Localized and Superficial Brain PCNS Lymphomas May Benefit from Surgery, Study Reviews Suggest

Localized and Superficial Brain PCNS Lymphomas May Benefit from Surgery, Study Reviews Suggest

Certain patients with primary central nervous system (PCNS) lymphoma, a rare type of brain cancer, may benefit more from having surgery to remove their tumor than following the current standard of care, which does not include surgery, a review of studies concludes.

Until now, surgical resection has not been an option due to the often diffuse and deep-rooted nature of these lymphomas. That increases the risk of damaging healthy parts of the brain.

But in their study, “Surgical Resection for Primary Central Nervous System Lymphoma: A Systematic Review,” researchers from the Johns Hopkins University School of Medicine and Johns Hopkins Kimmel Cancer Center found that a type of PCNS lymphoma — one easily distinguishable on magnetic resonance imaging (MRI) scans — may benefit from surgery. The report was published in the journal World Neurosurgery.

PCNS lymphoma is a rare but aggressive type of lymphoma primarily affecting the brain, the spinal cord, or the meninges, the outer layers covering the brain. It also, in some cases, can affect the eyes.

The current standard of care for the condition includes biopsy, radiotherapy, and high-dose chemotherapy with methotrexate. However, with the recent standardization of adjuvant chemo and radiation therapy, and improvements in neuroimaging and surgical techniques, “there has been renewed interest in a potential role for cytoreductive surgery in the treatment of PCNSL,” the researchers said.

Building on that, the scientists were interested in better understanding the risks and benefits of having surgery for this type of cancer.

The researchers performed a systematic review of studies published during the 50-year period between January 1968 and May 2018. The review assessed patients who had biopsies or surgeries to remove their brain tumors.

They used this comprehensive data to compare the outcomes of patients who had biopsies with those who had surgical resections — including post-operative complications, overall survival, and survival without disease progression.

Taken together, information from the 24 studies selected included data on 15,280 patients.

Among these articles, 15 failed to show a benefit from surgery to remove some or all of the tumor. But most of those reports were on small studies done at a single institution, and conducted before therapy with methotrexate was a standard.

The most prominent of these studies was carried out in 1990 and confirmed the benefits of methotrexate. However, it reported post-operative complications in four of 10 patients undergoing surgery. At the time, researchers concluded that surgical treatment was not recommended.

The other articles reviewed consisted of nine studies that were larger and more recent.

One report, referring to a 2012 randomized clinical trial that enrolled 526 patients, found surgery was beneficial for certain patients — namely, those who were younger and whose tumors were well-defined, and located in more superficial regions of the brain.

The other studies also supported a benefit of surgery when compared with biopsy, noting either improvements in patient survival, or fewer complications. Five of them also revealed the existence of two types of PCNS lymphoma types that are detectable on MRI scans.

One is superficial and localized, and thus may be suitable for surgery. The other is located deep in the tissue and spread, or diffuse, and thus not recommended for surgery.

Researchers estimate that nearly 20% of people with PCNS lymphoma have a superficial type of tumor, and thus “hold the potential for cure with surgery followed by treatment with methotrexate,” according to a press release from Johns Hopkins Medicine.

“What our study showed us is that we really should be thinking about PCNS lymphoma as two types of tumors with different methods of treatment for each,” said Debraj Mukherjee, MD, MPH, a professor at Johns Hopkins Bayview Medical Center, and a study leader.

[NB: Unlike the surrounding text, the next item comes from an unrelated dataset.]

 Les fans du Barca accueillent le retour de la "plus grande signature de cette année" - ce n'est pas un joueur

“Surgery to remove the superficial, localized types of tumors does not seem to put patients at greater risk and also improves outcomes for these patients, while the larger, deeper tumors are not suited for surgery because of their location near the ventricle system in the brain,” he added.

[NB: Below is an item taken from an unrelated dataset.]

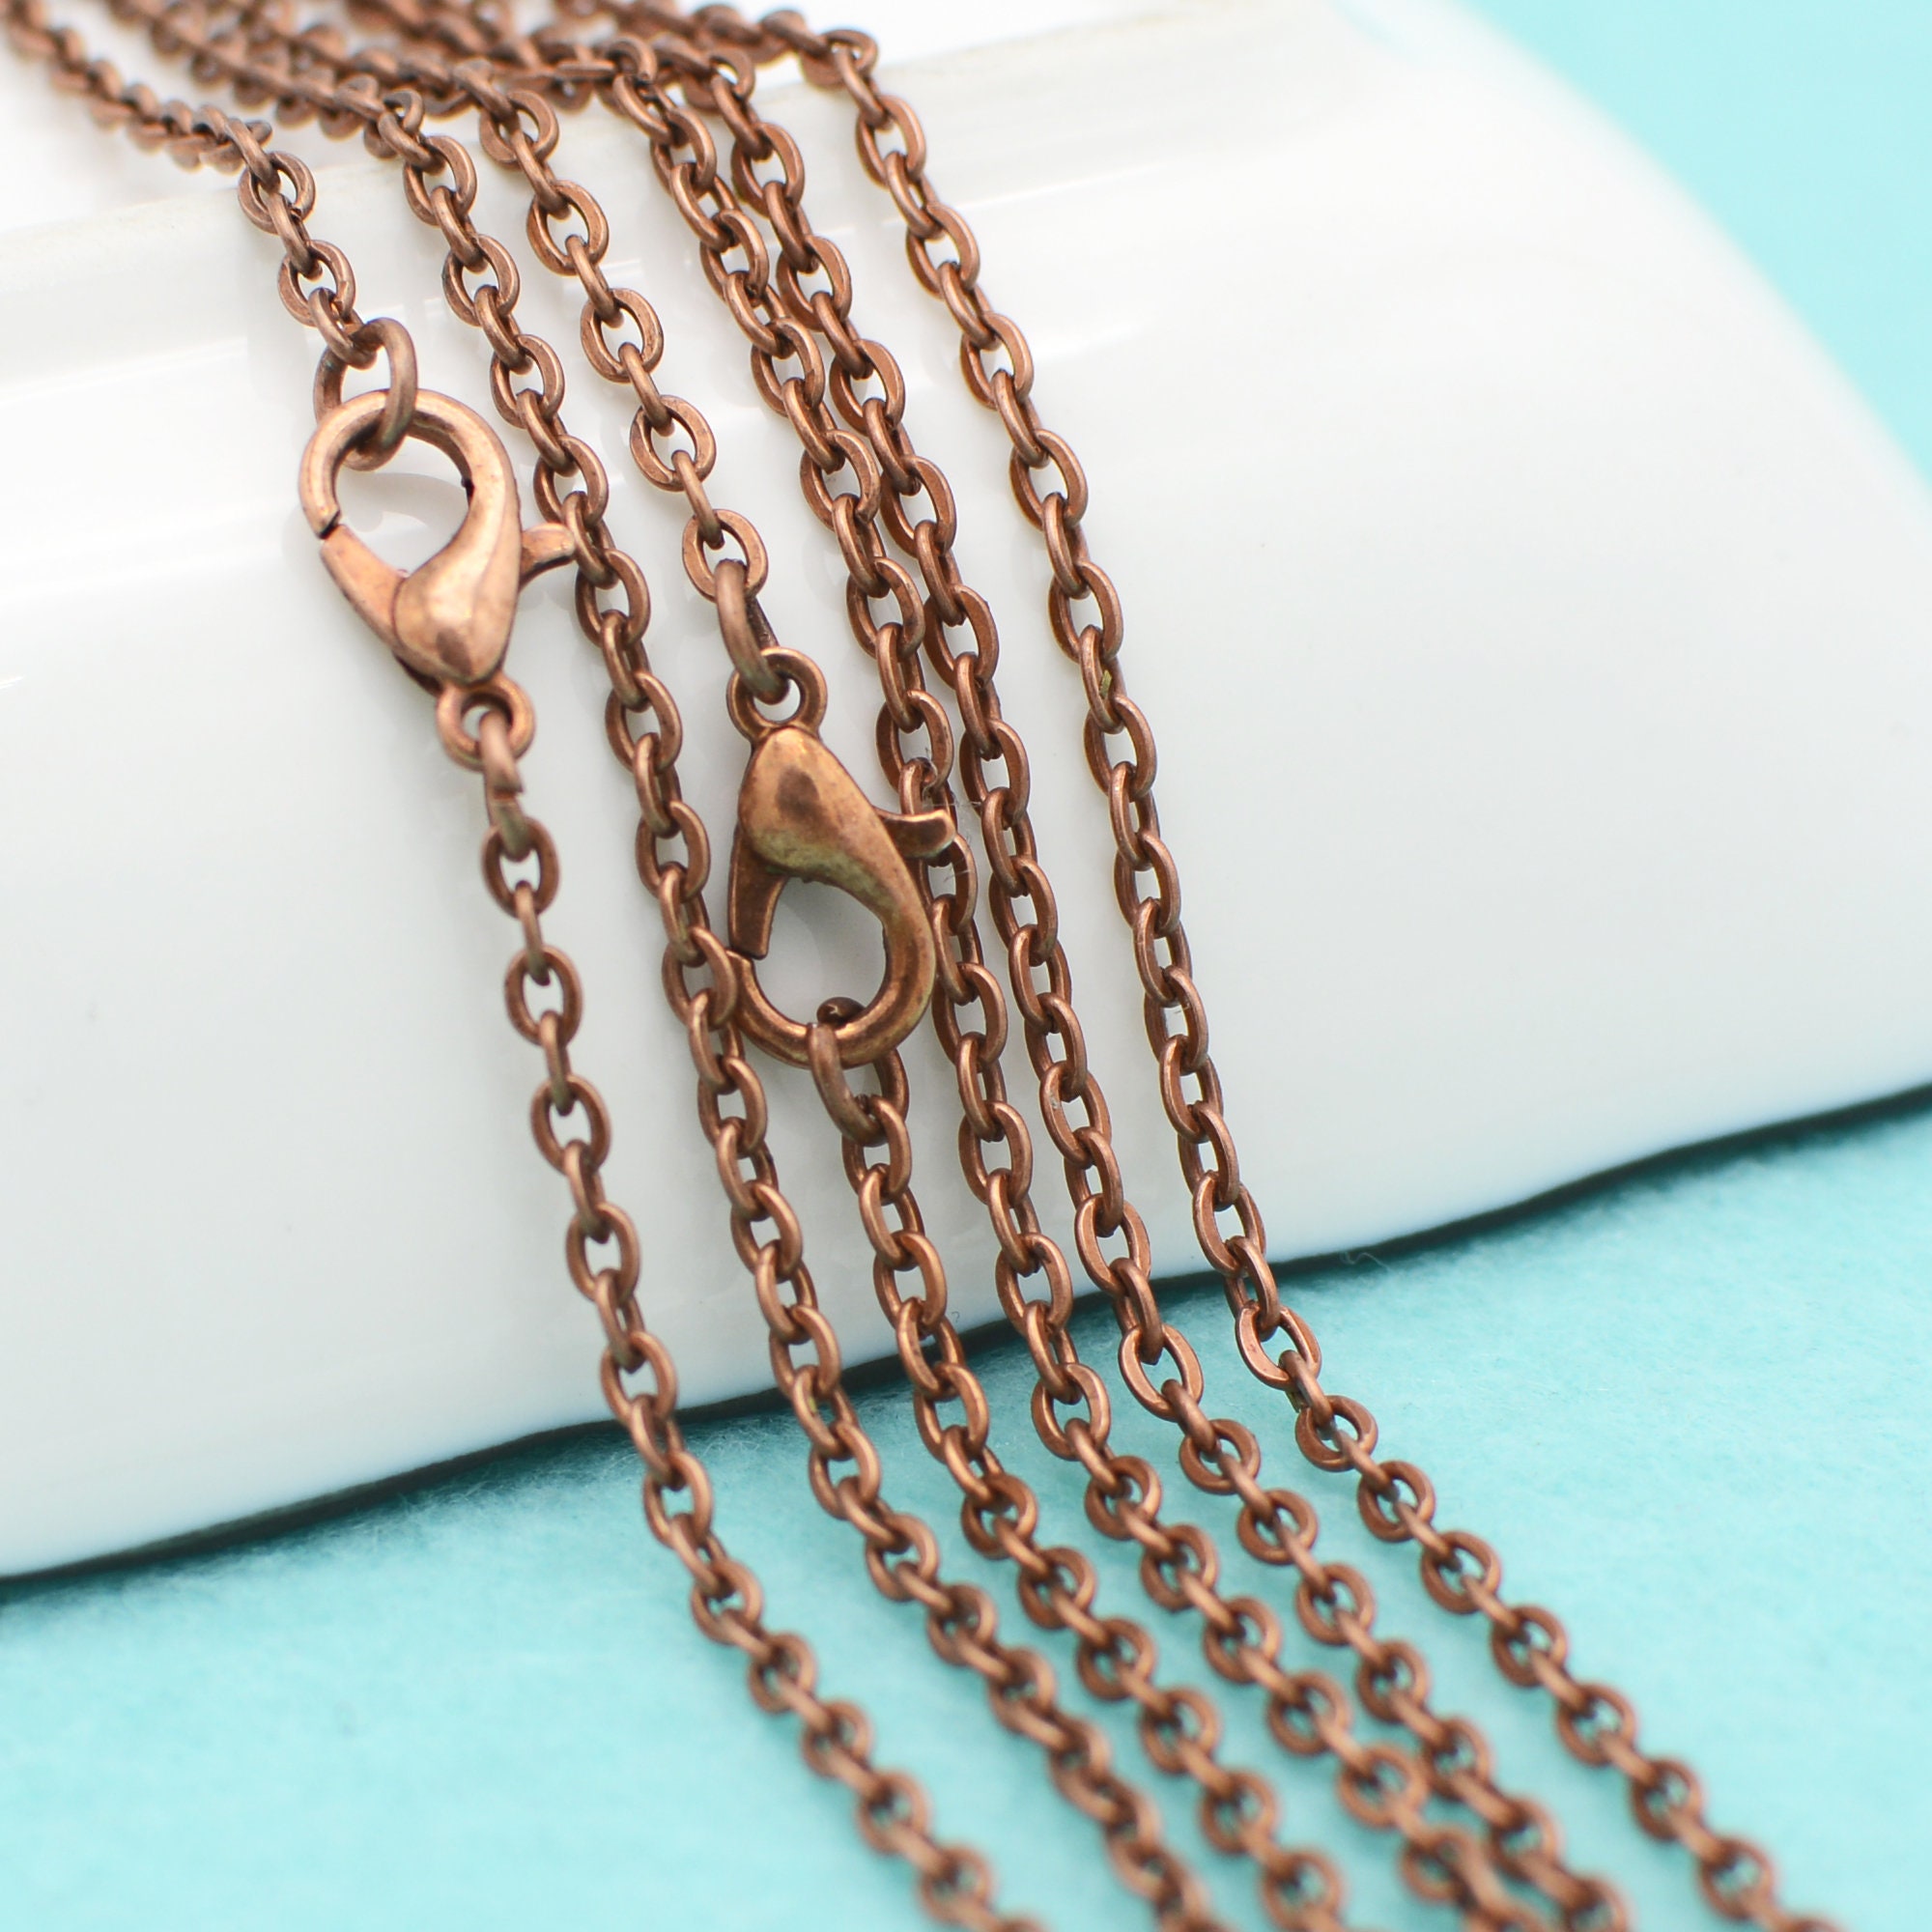 Chain - Antique Copper Finish - 1/8 Thick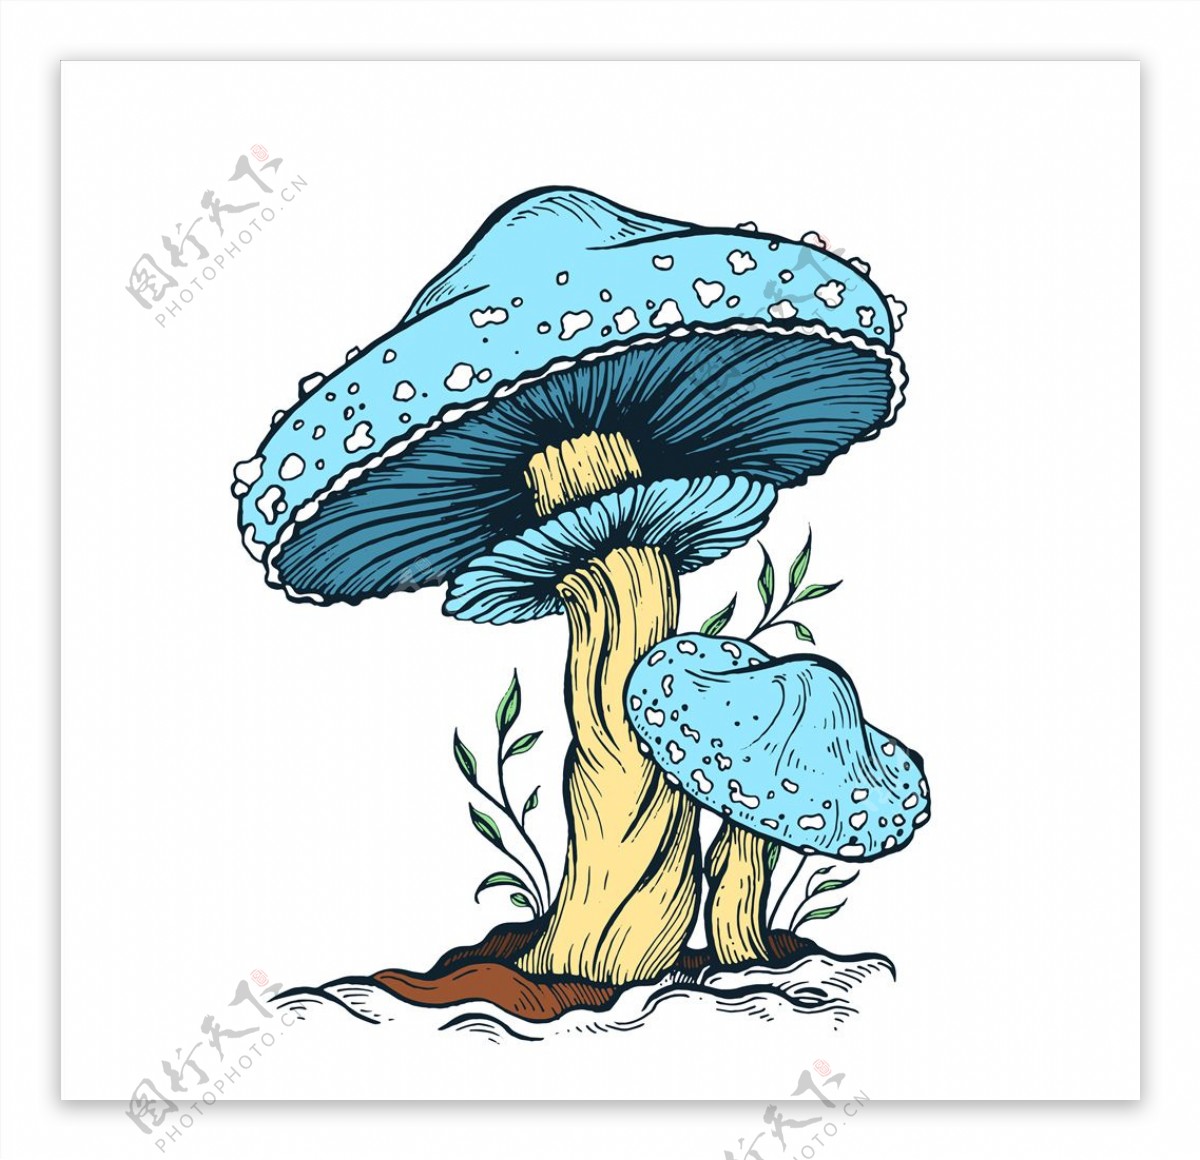 蘑菇形象背景

According to researchers, the two different types of PCNS lymphoma detected may explain the disparities between older studies — which found no overall benefit to surgery — and more recent research.

Older studies were done at a time when MRI, intraoperative neuromonitoring, neuronavigation, and fluorescent tumor visualization were not routinely used.

“The older trials never delved into this question of size, type and location of tumor,” Mukherjee said. “It was thought that these tumors were all diffuse and multifocal, and too difficult to remove with surgery without increased risk to patients.”

The new and improved technologies now available warrant updated reviews, the researchers said.

“Given these data, neurosurgeons and neuro-oncologists may consider cytoreductive surgery as a reasonable upfront treatment strategy for select patients with PCNSL,” they said.

Future studies are warranted to help determine the risks and benefits of surgery, including well-designed prospective studies conducted specifically with that goal, according to the investigators.